AMI Build Guide#

本章详细介绍了作为一个开发者, 应该如何使用这个库来管理复杂的 packer build AMI 项目.

The `workflow` Folder#

Folder Structure

在这个 Repo 的根目录下有一个 workflow 目录. 里面包含一个 workflow_param.json 和一堆文件夹. 里面的目录结构大致长下面这样.

/workflow/
/workflow/{step1_workspace}/
/workflow/{step2_workspace}/
/workflow/.../
/workflow/find_root_base_image_id.py
/workflow/workflow_param.json

如果你还记得 Workflow and Step Strategy 中提到的我们将一个 AMI 的多个步骤拆分的策略, 整个 workflow 就是一个 workflow. 而这里的每个子目录就是一个 Step.

Step1

而 step1 是一个特殊的 Step. 它是这个 workflow 中的第一个 step, 同时它给出了一个典型的 step 的目录下的代码结构. 所有真正要用的 step 都是用这个 step1 作为模板来创建的.

Find root base image id script

通常一个 workflow 起始于一个 base image, 它被称为整个 workflow 中所有 step 的 root base image. find_root_base_image_id.py 是一个脚本筛选 base image 的. 在这个例子中, 我们筛选出指定 ubuntu 发行版中的最新版本作为 root base image. 获得了 image id 和 image name 之后我们就可以将其填入 workflow_param.json 文件中 (详情请看下一节).

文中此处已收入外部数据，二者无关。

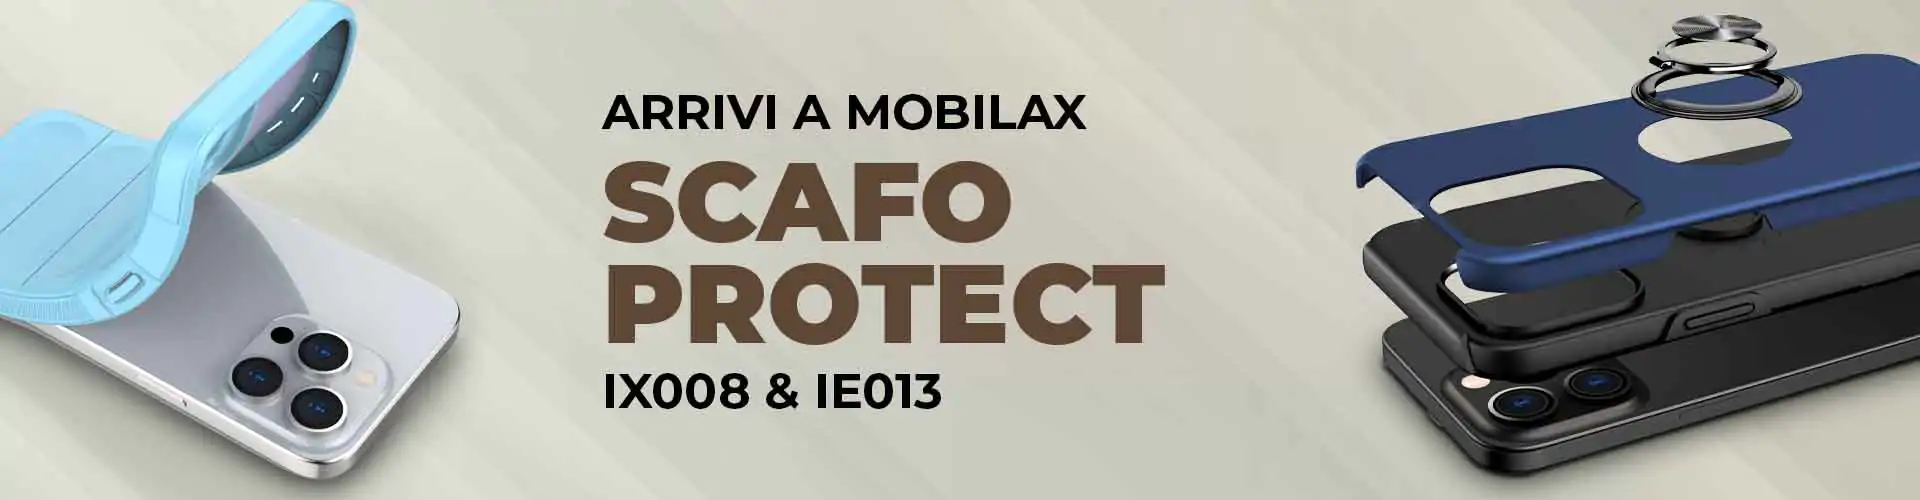 arrivi a mobilax scafo protect IX008 & IE013

find_root_base_image_id.py

# -*- coding: utf-8 -*-

"""
这个脚本能帮你找到合适的由 ubuntu 官方提供的 AWS AMI 作为 base image. 一旦找到之后,
就可以将 id 和 name 填入 ``workflow_param.json`` 文件中了.

你可以参考 ubuntu 官方的
`Find Ubuntu images on AWS <https://documentation.ubuntu.com/aws/en/latest/aws-how-to/instances/find-ubuntu-images/>`_
文档来了解具体方法. 本脚本只是自动化了这个方法的.

下面是我在 2024-06-13 从上面的文档中找到的一些信息, 我自己留个档:

The format for the parameter is:

    ubuntu/$PRODUCT/$RELEASE/stable/current/$ARCH/$VIRT_TYPE/$VOL_TYPE/ami-id

- PRODUCT: server, server-minimal or pro-server
- RELEASE: jammy, 22.04, focal, 20.04, bionic, 18.04, xenial, or 16.04
- ARCH: amd64 or arm64
- VIRT_TYPE: pv or hvm
- VOL_TYPE: ebs-gp3 (for >=23.10), ebs-gp2 (for <=23.04), ebs-io1, ebs-standard, or instance-store
"""

from pathlib_mate import Path
from boto_session_manager import BotoSesManager
from rich import print as rprint

import packer_ami_workflow.api as paw

# ------------------------------------------------------------------------------
# 根据 ubuntu 的版本, 以及 arch (AMD64 还是 ARM) 来找到合适的 root base ami
# 其中 owner_account_id 来自于本脚本最前面的 reference 文档
aws_profile = "bmt_app_dev_us_east_1"
root_base_ami_name = "ubuntu/images/hvm-ssd/ubuntu-jammy-22.04-amd64-server-*"
root_base_ami_owner_account_id = "099720109477"
# ------------------------------------------------------------------------------
bsm = BotoSesManager(profile_name=aws_profile)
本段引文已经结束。